If you were to name some classic love stories you might suggest Helen of Troy & Paris (igniting the Trojan War dramatized in the Iliad), Cleopatra and Mark Antony (whose love entwined Rome in a civil war with Octavian/Augustus Caesar), Romeo & Juliet, Beauty & the Beast, or perhaps Cinderella & Prince Charming. In them, history, pop culture and romantic fiction come together in offering passionate love stories. These easily captivate our hearts, emotions and imaginations.
Ruth & Boaz Love Story
Amazingly, the love that sparked between Ruth & Boaz has proved far more enduring than any of these love affairs. In fact, it still affects the lives of all the billions of us living today. Its ramifications live on more than three thousand years after these lovers met. Rather than the tabloid love stories that last only a fleeting moment their love has outlasted all the classics mentioned above. Their romance is also a picture of a mystical and spiritual love offered to you and me. The story of Ruth and Boaz deals with cross-cultural & forbidden love. It models a healthy relationship between a powerful man and a vulnerable woman. Thus it speaks into today’s #MeToo generation. It becomes a blueprint for us on how to establish a healthy marriage. By any of these measures the love story of Ruth & Boaz is worth knowing.

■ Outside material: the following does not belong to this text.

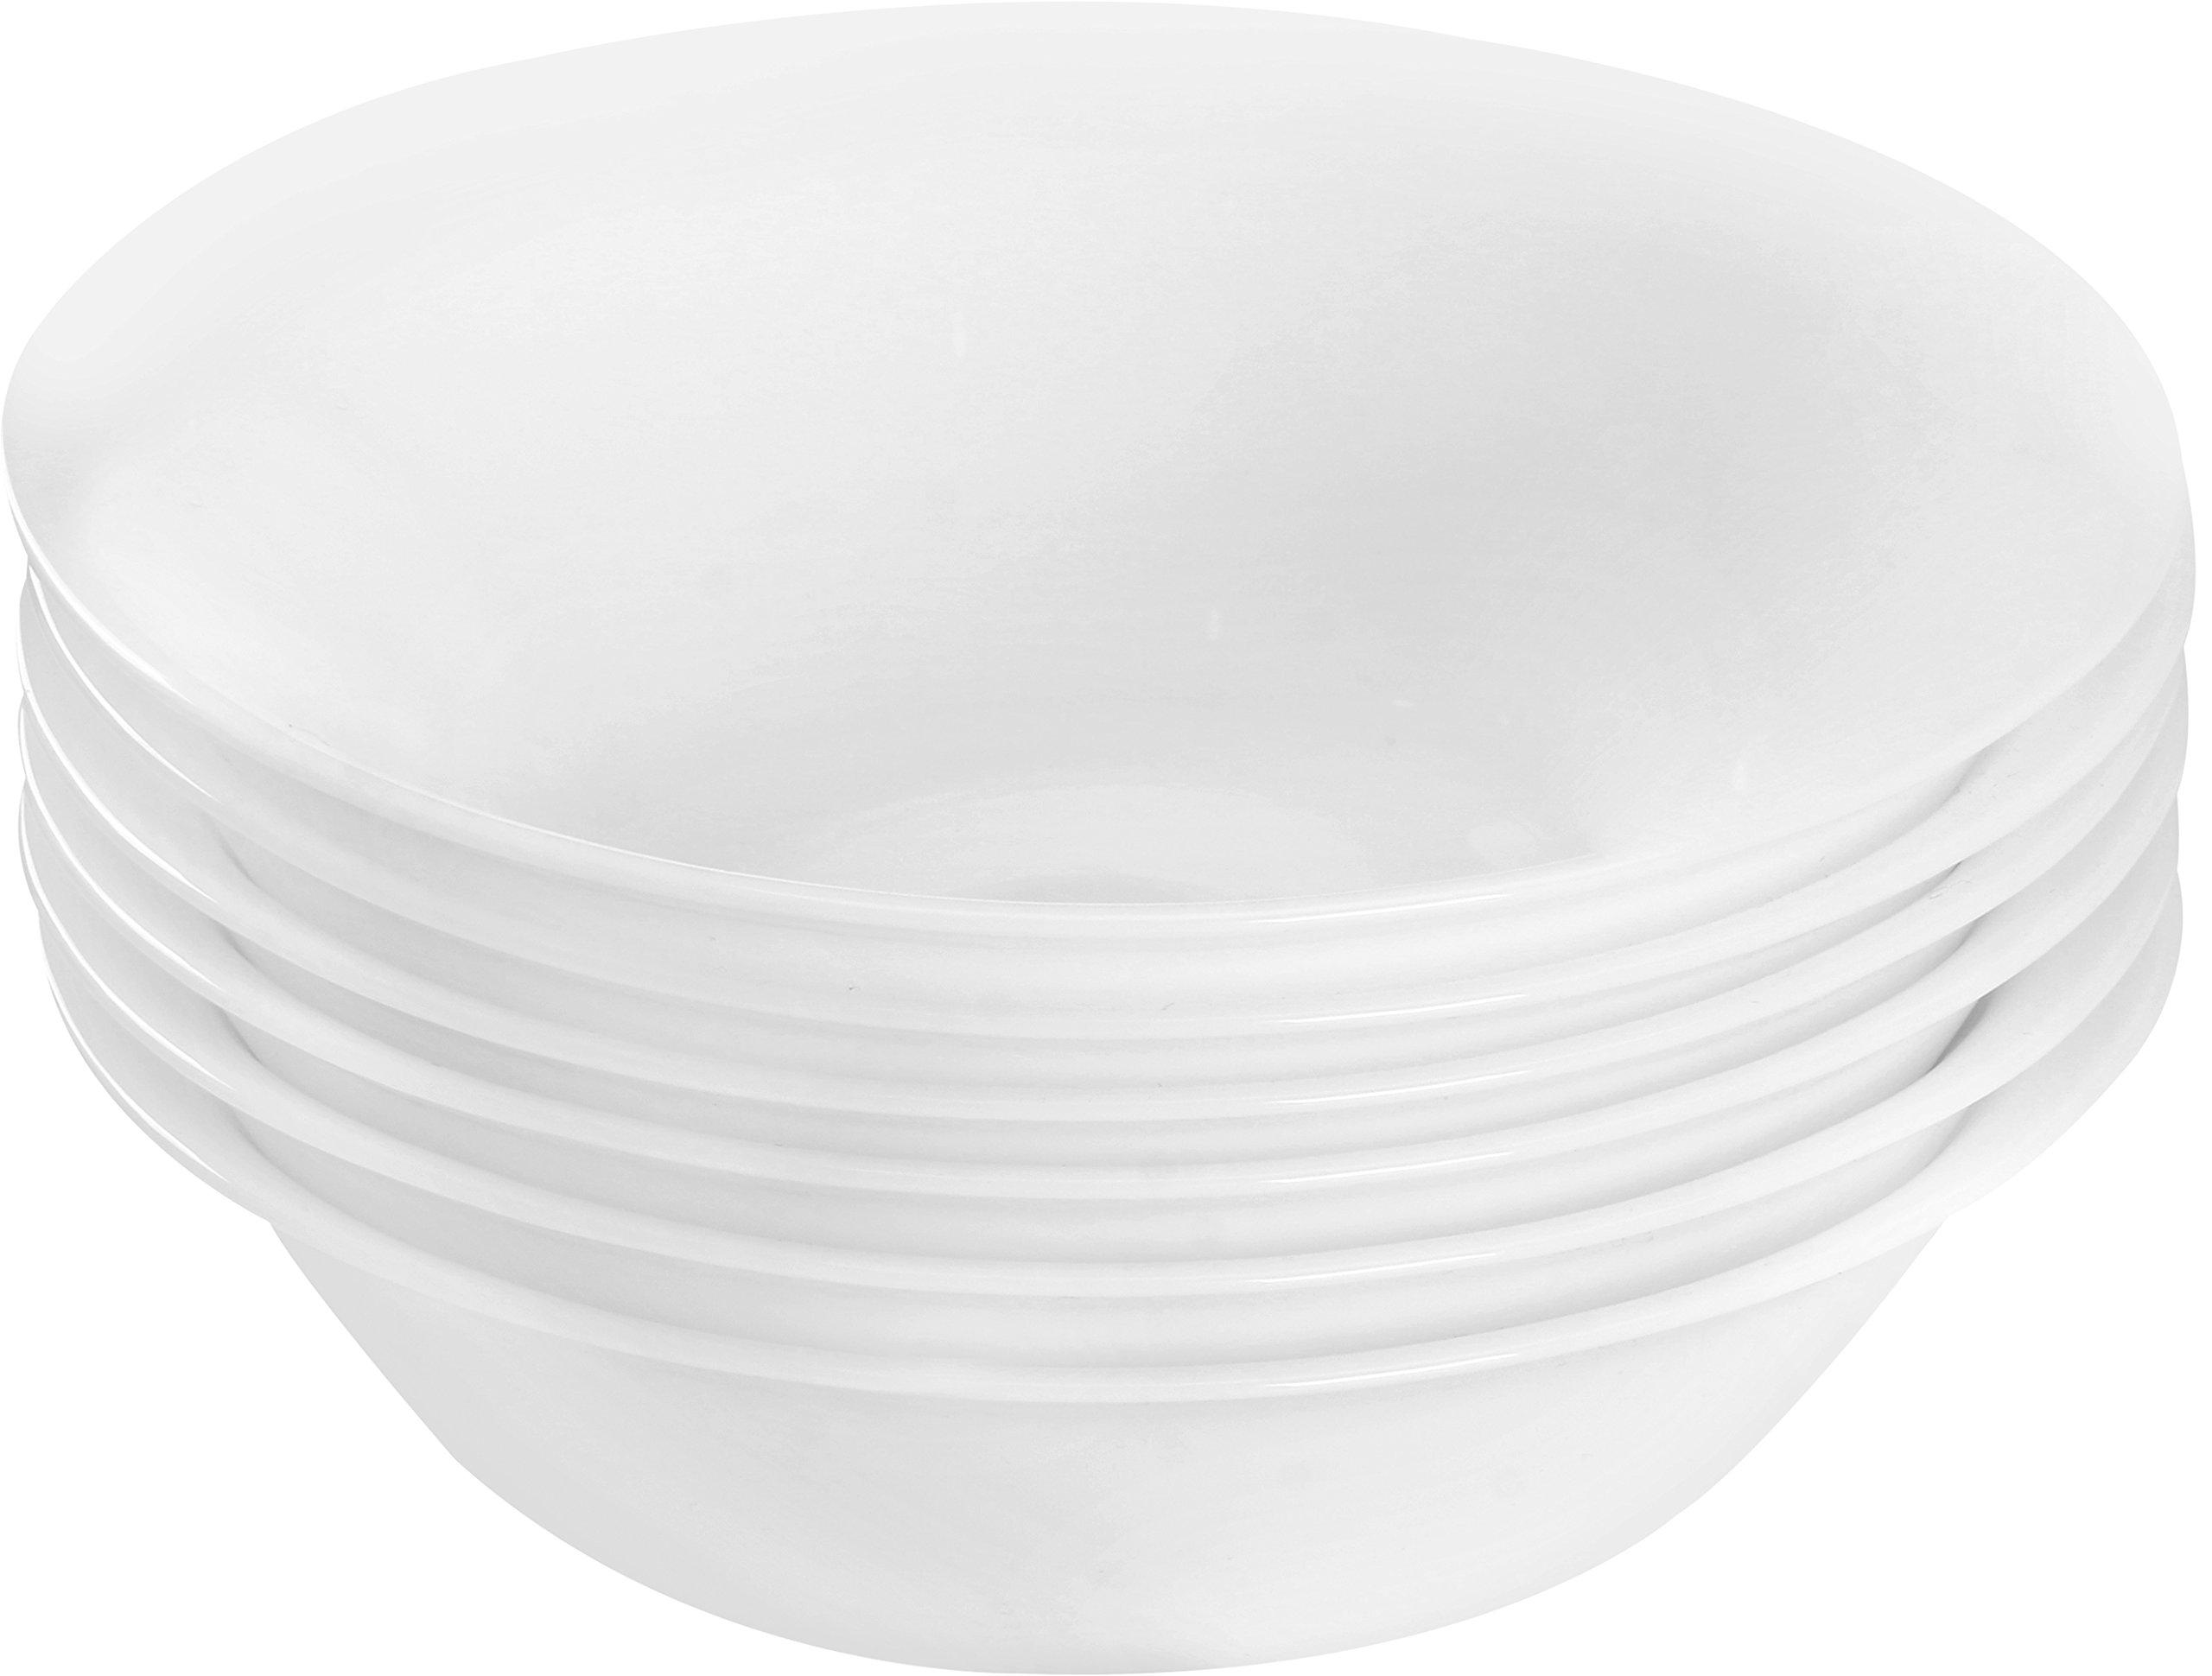 Utopia Kitchen 6 Pieces Bowl Set - Dishwasher Safe Opal Glassware - Microwave/Oven Friendly by Utopia Kitchen (Image #2)
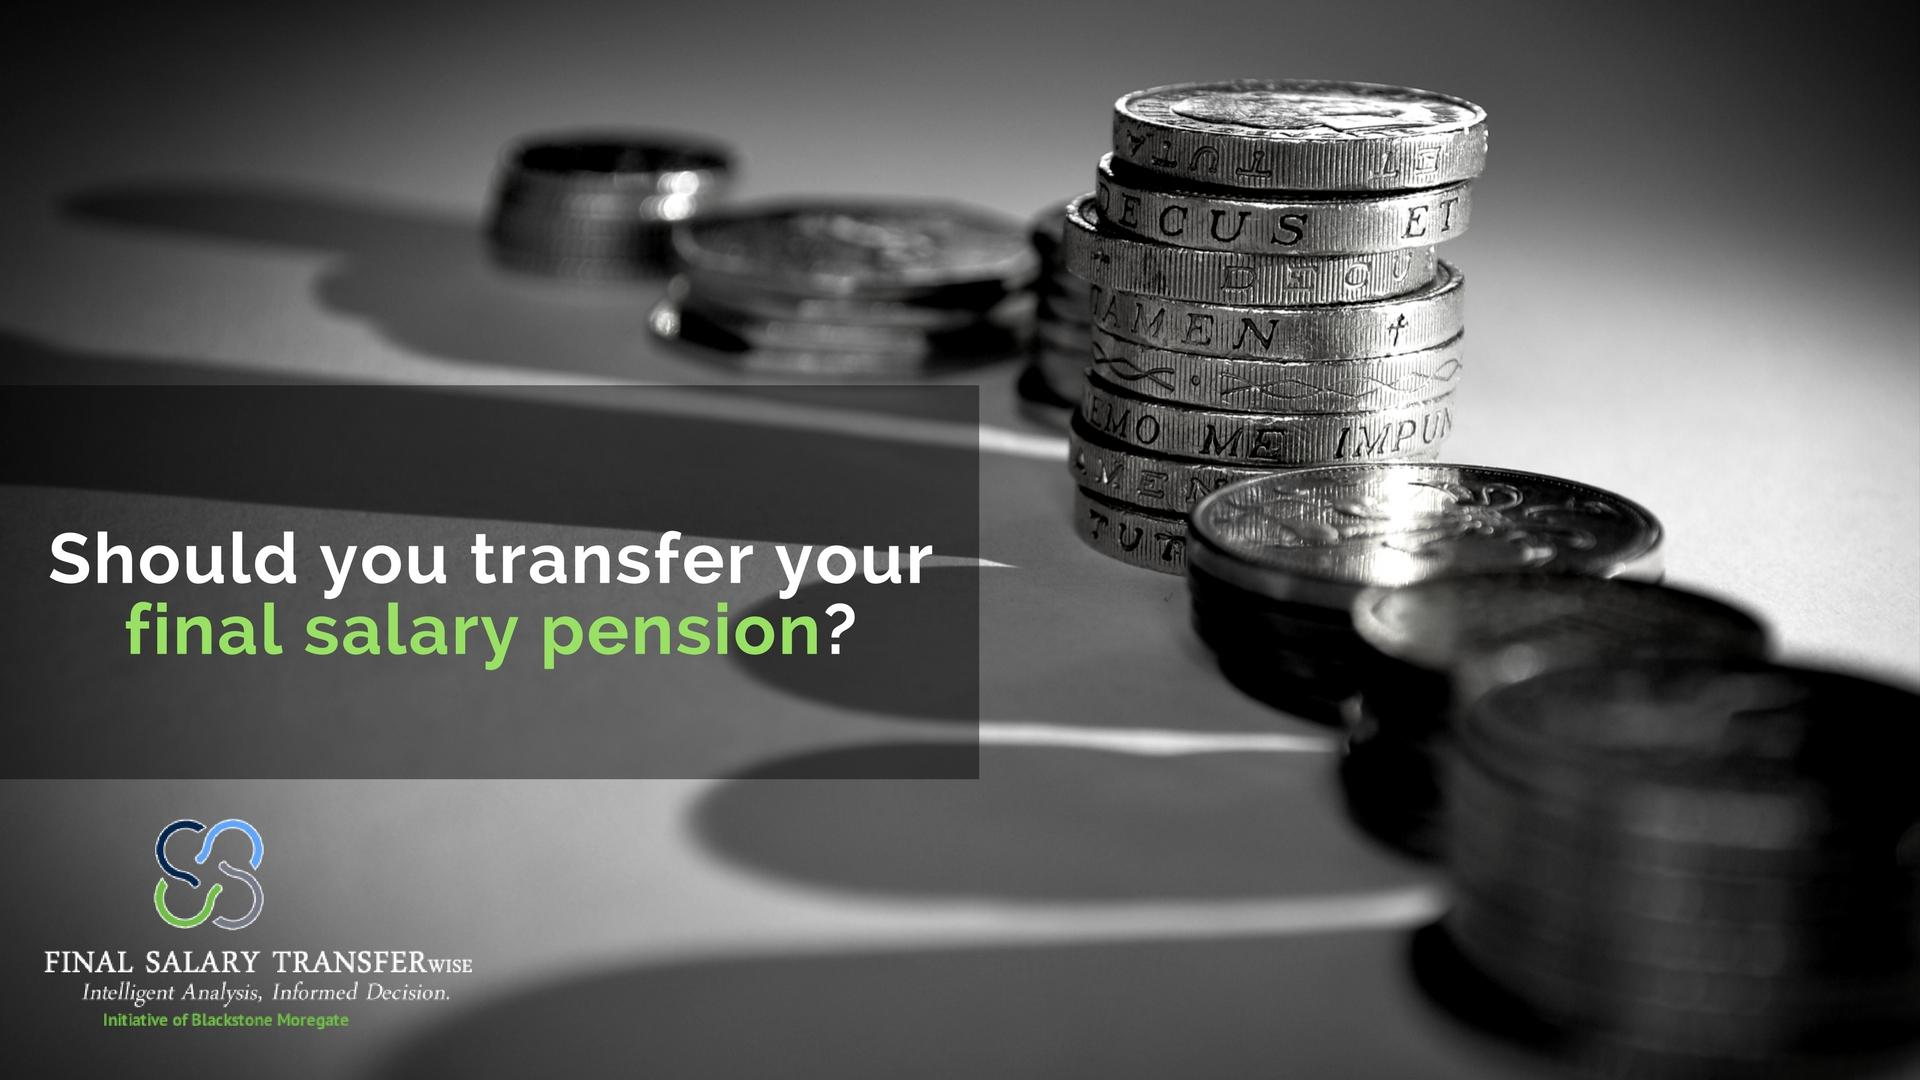 FInal_Salary_Transfer_Advice

The Book of Ruth in the Tanakh records their love. It is a short book with only 2400 words. It thus makes a quick read (here). The setting happens around 1150 BCE, making this the oldest of all recorded love stories.
The Love Story of Ruth
Naomi and her husband with their two sons leave Israel to escape drought. They settle in the nearby country of Moab (today’s Jordan). After marrying local women the two sons die, as does Naomi’s husband, leaving her alone with her two daughters-in-law. Naomi decides to return to her native Israel and one of her daughters-in-law, Ruth, chooses to accompany her. After a long absence, Naomi is back in her native Bethlehem. She has become a destitute widow and is accompanied by Ruth, a young and vulnerable Moabite immigrant.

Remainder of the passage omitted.